Research Sponsorship: HyDROS research is supported by a broad portfolio of competitive funding from NASA, NOAA, NSF, USAID, USGS, DOE, and international partners, along with collaborations with the World Bank and UN-affiliated platforms. Sponsored projects range from foundational algorithm and model development to large-scale operational systems and international capacity-building initiatives across the United States, Africa, Latin America, and Asia.
Together, these efforts position the HyDROS program as a hub for cutting-edge hydrologic science, operational innovation, and societal impact—advancing water security and hazard resilience in a changing climate.
Advances in satellite precipitation sensing now enable near–real-time monitoring of hydrologic conditions across the globe. Using multi-satellite rainfall estimates from missions such as the Tropical Rainfall Measuring Mission (TRMM), HyDROS pioneered one of the first satellite-driven global surface hydrology simulation systems. This framework supports large-scale flood detection, flood prediction, and drought monitoring in regions lacking dense ground observations. The system demonstrated that physically meaningful runoff and flood signals can be derived directly from spaceborne observations, laying the foundation for modern global flood early-warning capabilities.
The U.S. NOAA Multi-radar Multi-sensor (MRMS) radar network provides precipitation estimates at exceptionally fine spatial (~1 km) and temporal (~5-minute) resolution. Building on this national asset, HyDROS researchers helped develop the NMQ–FLASH–Landslide system, which couples high-resolution radar rainfall with distributed hydrologic modeling to produce real-time flash-flood and rainfall-triggered landslide guidance across the continental United States. Operating at radar-native resolution, the system delivers actionable hazard information to forecasters and emergency managers and represents a major step in translating radar observations into operational hazard intelligence.
The project website is at https://www.nssl.noaa.gov/projects/flash/.
Flooding—especially in urban environments—remains one of the most costly and deadly natural hazards worldwide.
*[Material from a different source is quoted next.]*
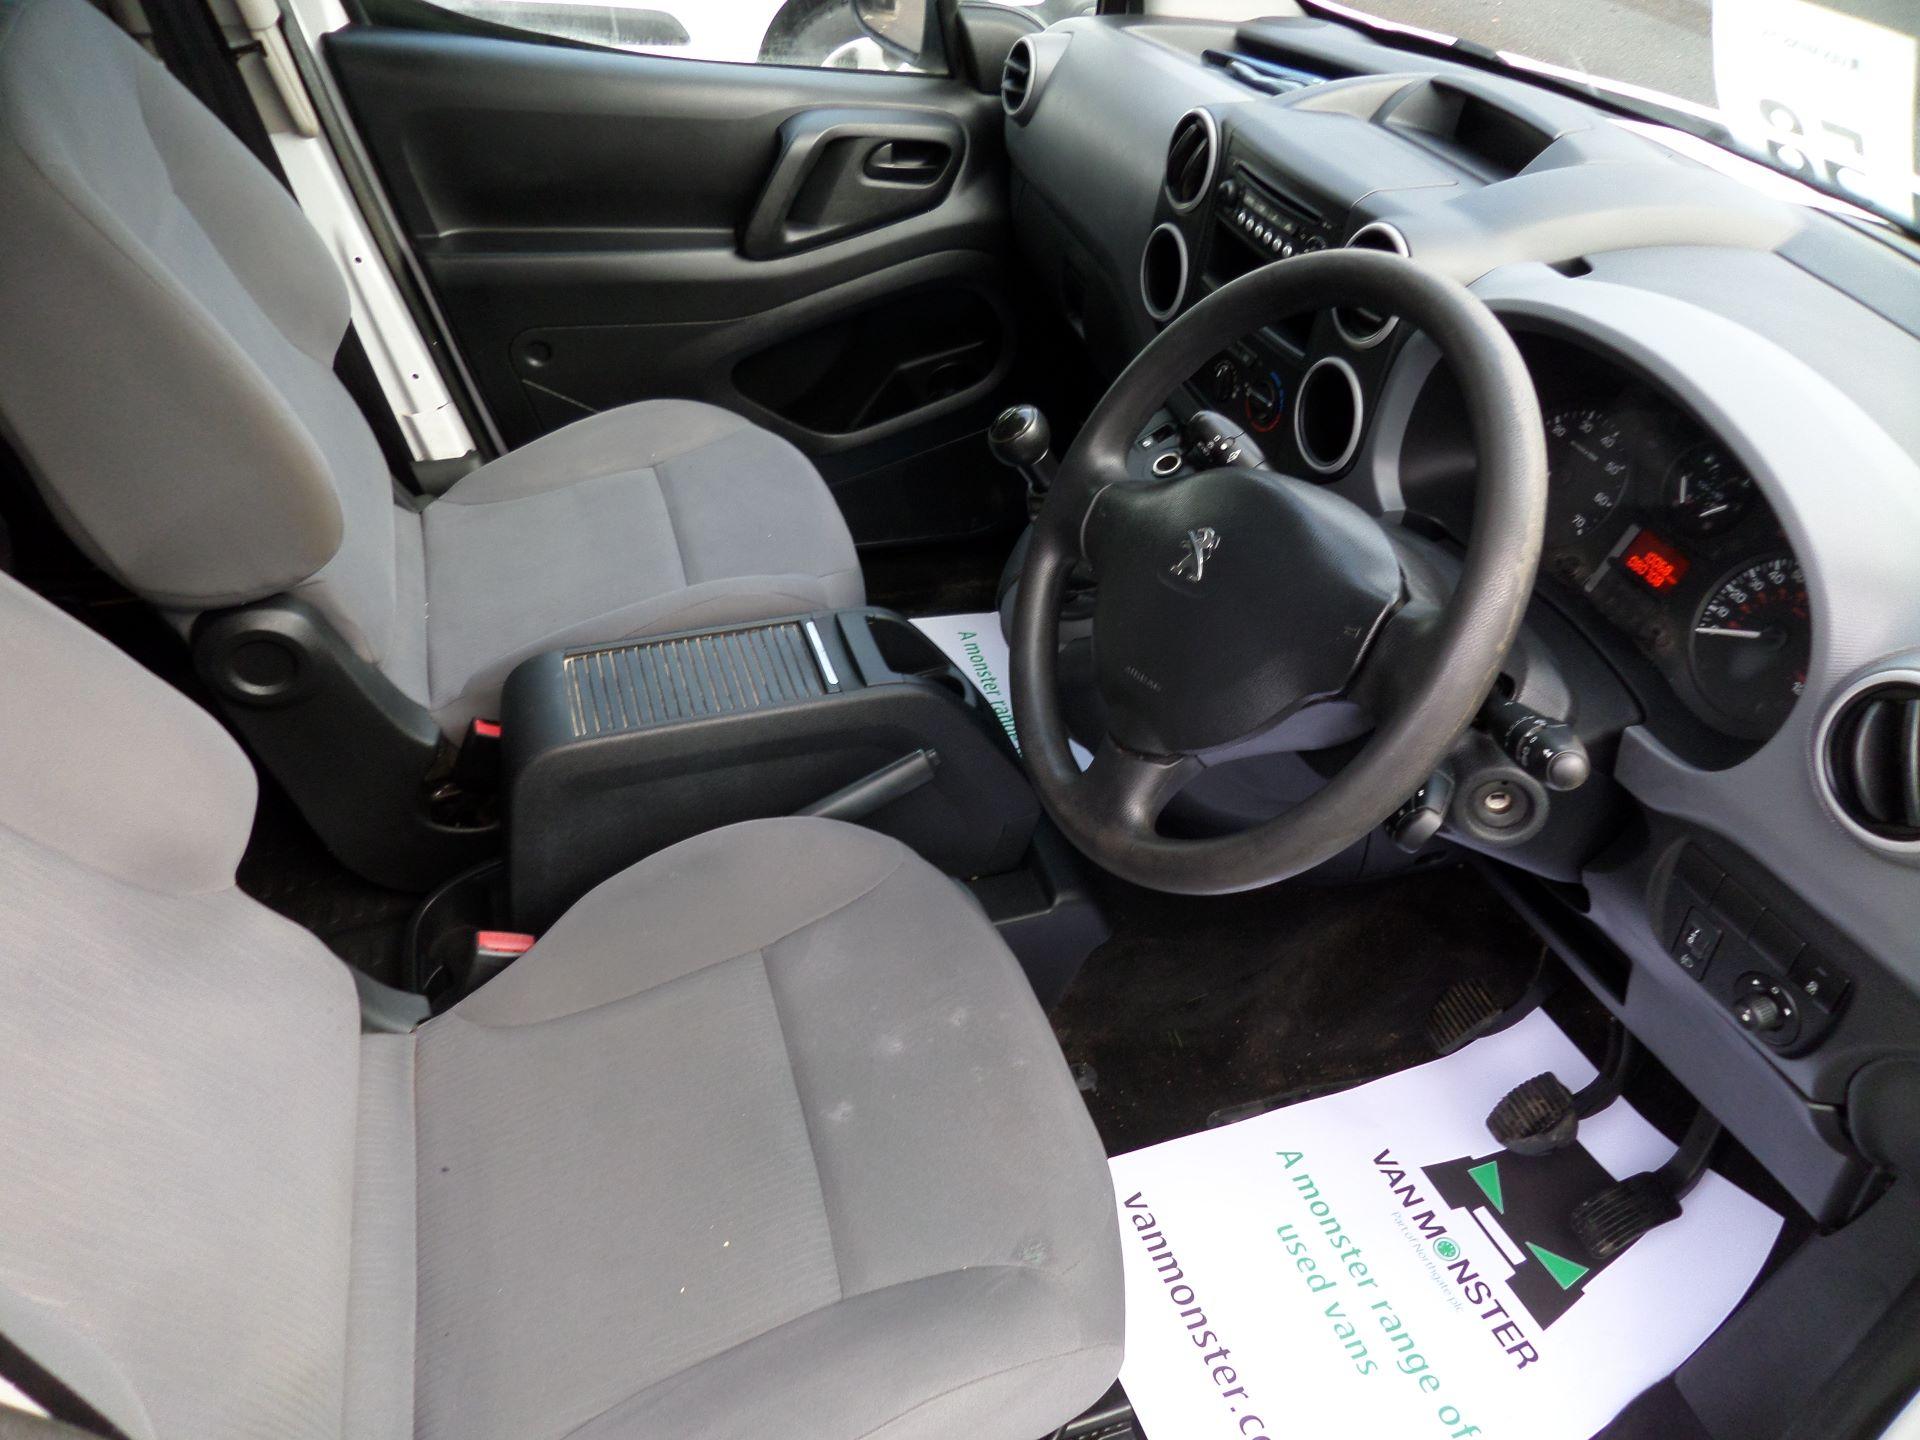 2015 Peugeot Partner 716 S 1.6 Hdi 92 Crew Van Euro 5 (NU65MMX) Image 2

As climate change alters precipitation intensity and frequency, cities face growing challenges in anticipating and preparing for extreme flood events. In response, HyDROS researchers developed an integrated urban flood visualization framework that translates high-resolution hydrologic and hydraulic simulations into intuitive animations and spatial products. These tools allow floodplain managers, planners, and emergency officials to see how future climate-driven flood scenarios may impact urban watersheds, infrastructure, and neighborhoods—supporting proactive risk communication, planning, and resilience design.
Accurate precipitation estimation in mountainous regions is particularly challenging due to radar beam blockage, overshooting of the melting layer, and sparse surface observations. This project addressed these limitations by integrating spaceborne precipitation radar measurements from TRMM/GPM with ground-based National Weather NEXRAD radar and rain gauge networks. By leveraging satellite radar’s vertical perspective and regional coverage, the approach improved characterization of vertical reflectivity structure and reduced systematic underestimation of precipitation in complex terrain. The resulting methodology significantly enhanced radar-based QPE in mountainous regions and contributed to both NASA ground-validation efforts and NOAA operational precipitation products.